3. The circuit is linear and the ouput voltage \$V_{o}\$ is given by \$V_{o}=RL\cdot I_{o}\$
This seems like a no-brainer to me, because assuming that the op-amp in operating in the linear region the ouput is simply going to be defined by the current across \$RL\$.
So I was hoping someone can help me with the circuit analysis, specially item 2.
Edit:
So, before I saw the TimWescott answer I tried to solve it without superposition or other simplification method and here's what I got:
I defined the node at the op amp as Va and tried to apply KCL:
- Inverter node, solving for \$V_{a}\$ and then replacing the \$R\$ values and simplifying:
\$\frac{V_{a}-V_{i}}{R_{1}}+\frac{V_{a}-V_{out}}{R_{2}}=0 \therefore V_{a}=\frac{R_{1}\cdot V_{out}+R_{2}\cdot V_{i}}{R_{1}+R_{2}} \therefore V_{a}=\frac{2\cdot V_{out}+V_{i}}{3}\$
- Non-inverting node, solving for \$V_{a}\$ and then replacing the \$R\$ values and simplifying:
\$\frac{V_{a}-0}{R_{3}}+\frac{V_{a}-V_{o}}{R_{4}}=0 \therefore V_{a}=\frac{R_{3}\cdot V_{o}}{R_{3}+R_{4}} \therefore V_{a}\cong \frac{2}{3}\cdot V_{o}\$
- Equating and solving for \$V_{out}\$:
\$\frac{2\cdot V_{out}+V_{i}}{3}=\frac{2}{3}\cdot V_{o}\therefore V_{out}=V_{o}-\frac{1}{2}\cdot V_{i}\$ (1)
- \$V_{o}\$ node:
\$\frac{V_{o}-V_{out}}{R_{5}}+\frac{V_{o}-V_{a}}{R_{4}}+I_{o}=0\$ (2)
- \$V_{o}\$ as function of \$I_{o}\$:
\$V_{o}=I_{o}\cdot RL \therefore V_{o}=I_{o}\cdot 100\$ (3)
- Finally, replacing (3) in (1) and then both in (2) and solving for Io (a lot of math involved lol):
\$I_{o}\cong -V_{i}\cdot 9.993\cdot 10^{-4} \therefore I_{o}\approx -V_{i}\cdot 1\cdot 10^{-3}\$
And therefore:
\$\frac{I_{o}}{V_{i}}\approx -1 \frac{mA}{V}\$
Well that makes statement 2 right indeed.
But it also makes statement 3 correct doesn't it?

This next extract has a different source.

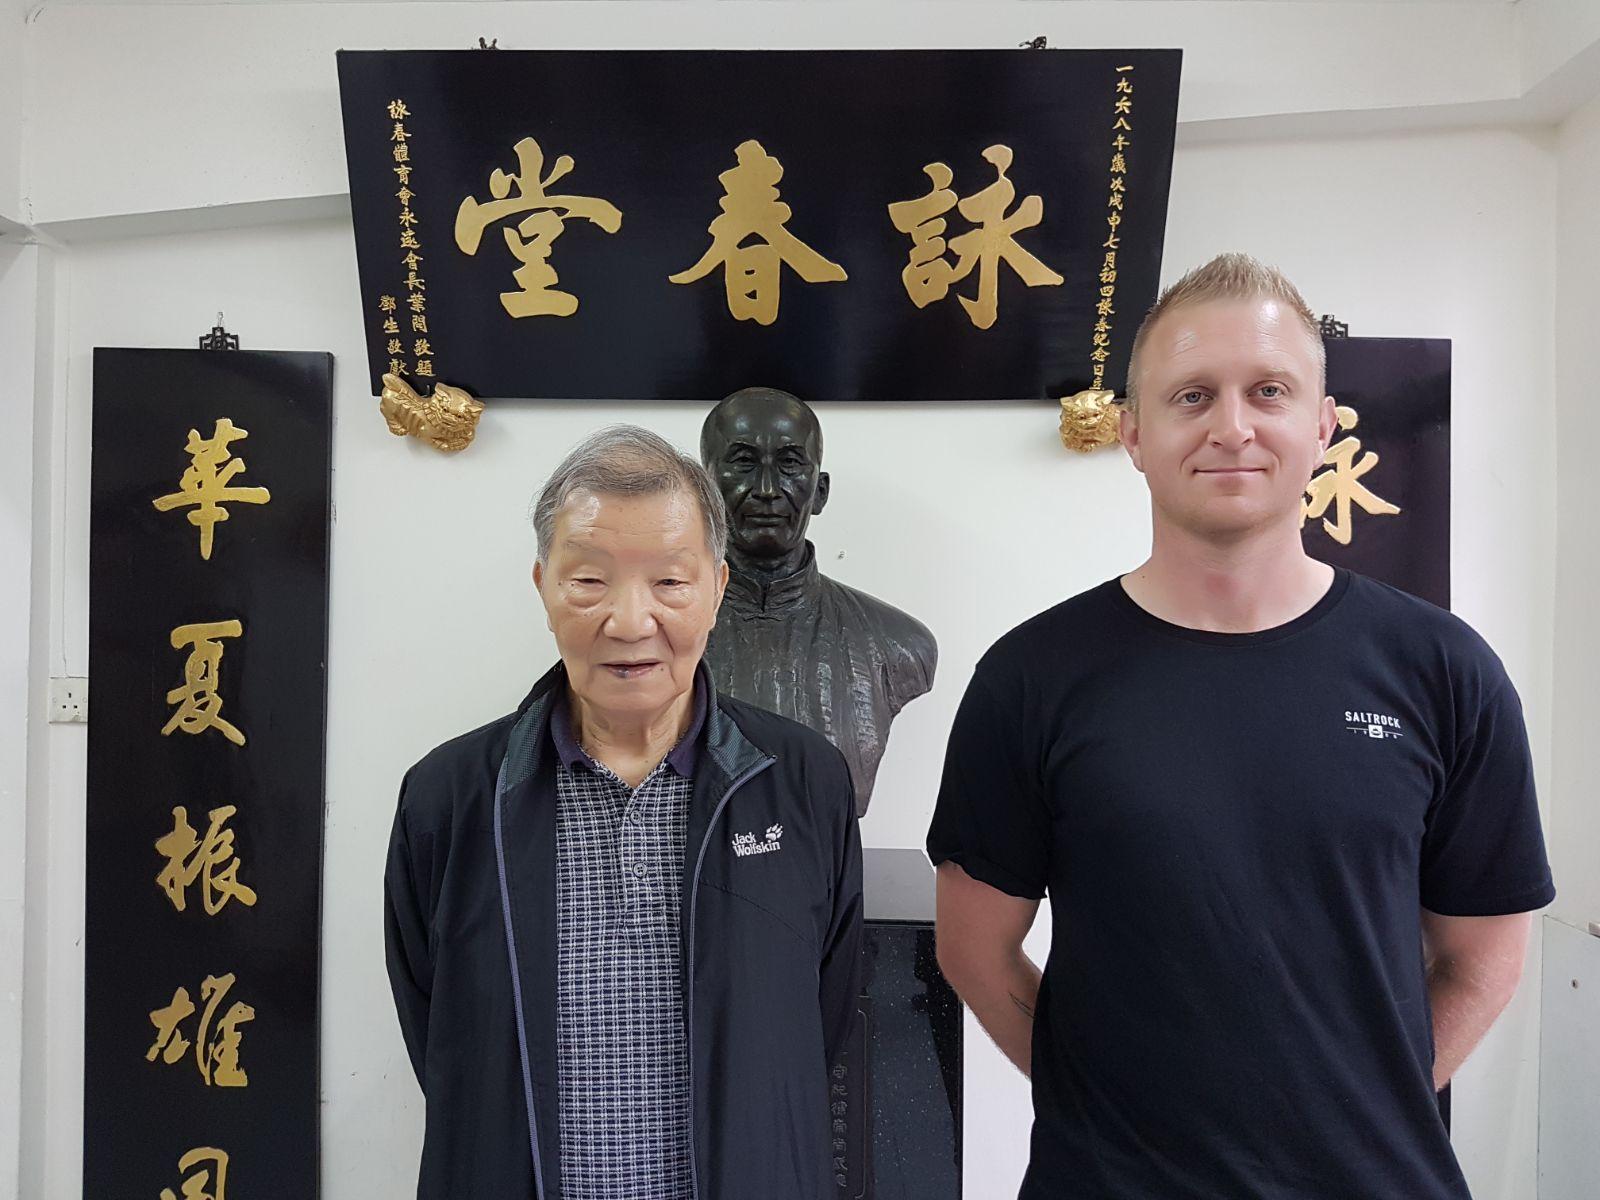 Robert Ley with GM Ip Ching (son of Ip Man) in the Ving Tsun Athletic Association Hong Kong
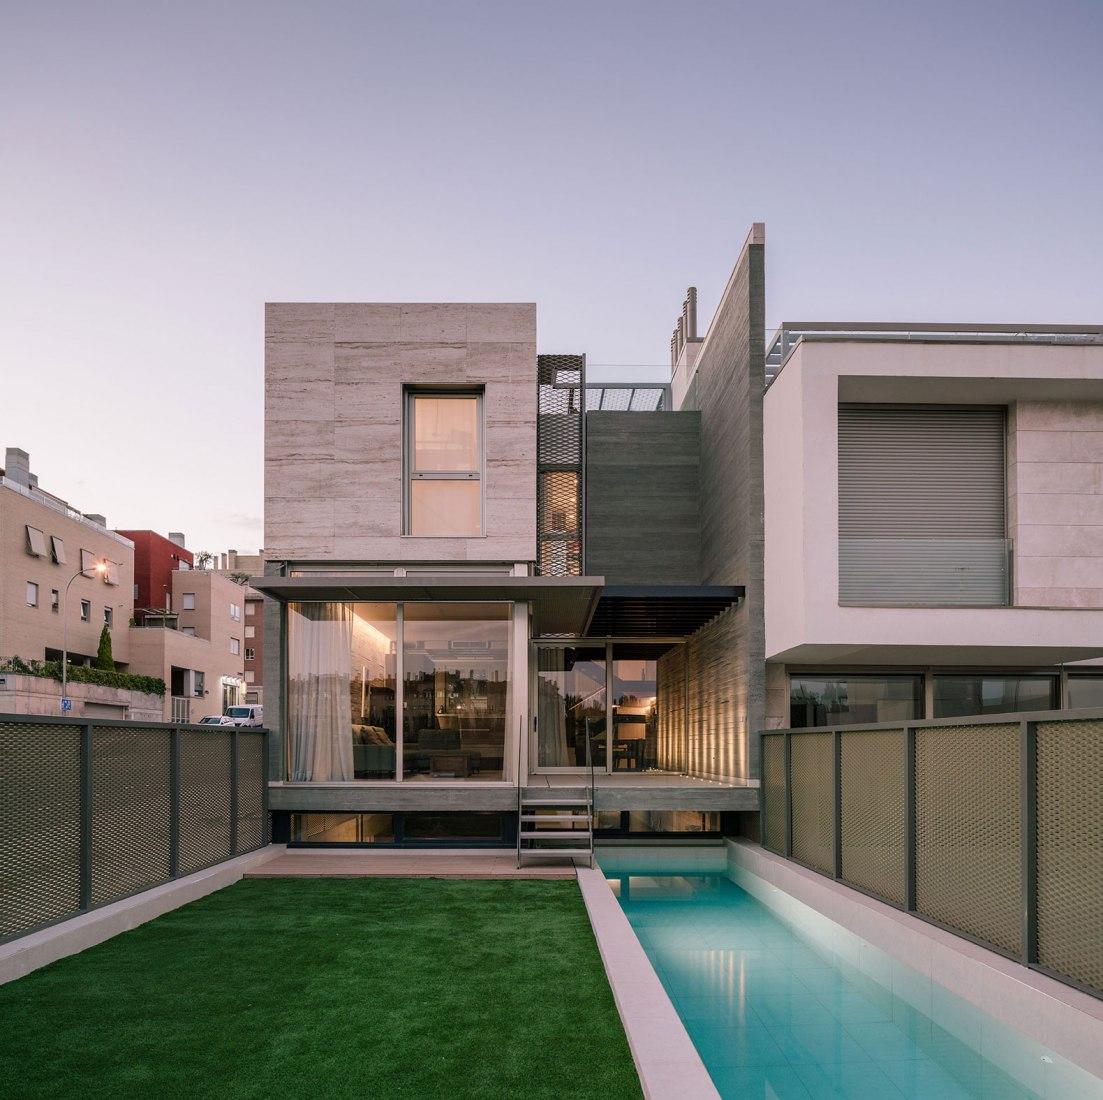 Sierra House by Steyn Studio. Photograph by Imagen Subliminal. Miguel de Guzmán / Rocío Romero.

I actually used that very equation to find the "transconductance gain".
Also, I can determine the voltage gain from the previous math:
\$\frac{V_{o}}{R_{L}}\approx -V_{i}\cdot 1\cdot 10^{-3}\therefore \frac{V_{o}}{100}\approx -V_{i}\cdot 1\cdot 10^{-3}\therefore \frac{V_{o}}{V_{i}}\approx -0.1\$
Which appears to check out as well (as Sunnyskyguy EE75 answered for instance).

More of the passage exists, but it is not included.